City in Zakarpattia Oblast, Ukraine

Khust (Note: Хуст, /uk/; Хуст; Huszt; Chust; Hust; חוסט.) is a city located on the Khustets River in Zakarpattia Oblast, western Ukraine. It is near the сonfluence of the Tisa and Rika Rivers. It serves as the administrative center of Khust Raion. Population:

Khust was the capital of the short-lived republic of Carpatho-Ukraine.
==Etymology==
The name is most possibly related to the name of the stream Hustets or Husztica, which means "kerchief". It is also conceivable that the name of the city comes from a Romanian traditional food ingredient – husti.

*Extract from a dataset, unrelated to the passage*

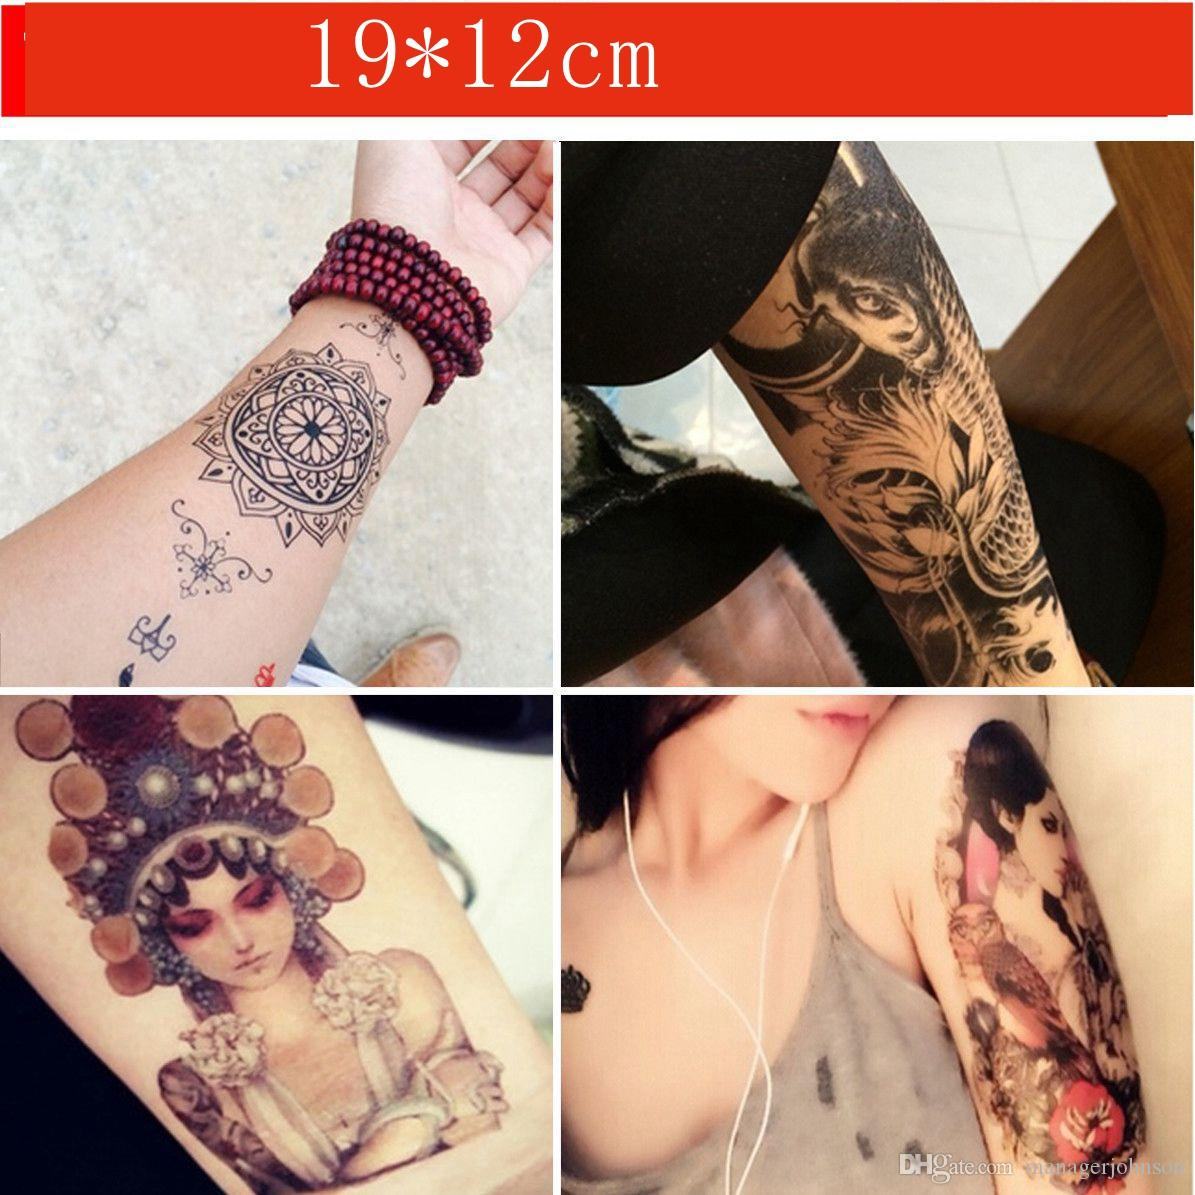 Tatuajes Temporales Impermeable Flor Brazo Esqueleto Humano Carpa Y

There are several alternative names used for this city: Ukrainian: Хуст, Romanian: Hust, Hungarian: Huszt, Czech/Slovak: Chust, כוסט / Khist, Chust.

==History==
The settlement was first mentioned as terra Huzth, in 1324. Its castle, supposed to be built in 1090 by the king St. Ladislaus of Hungary as a defence against the Cumans and destroyed during the Mongol invasion of Hungary, was mentioned in 1353. The town got privileges in 1329.

In 1458 King Matthias imprisoned his uncle, the rebellious Mihály Szilágyi, in the castle. In 1514, during György Dózsa's peasant revolt local peasants captured the castle. In 1526 the area became a part of Transylvania.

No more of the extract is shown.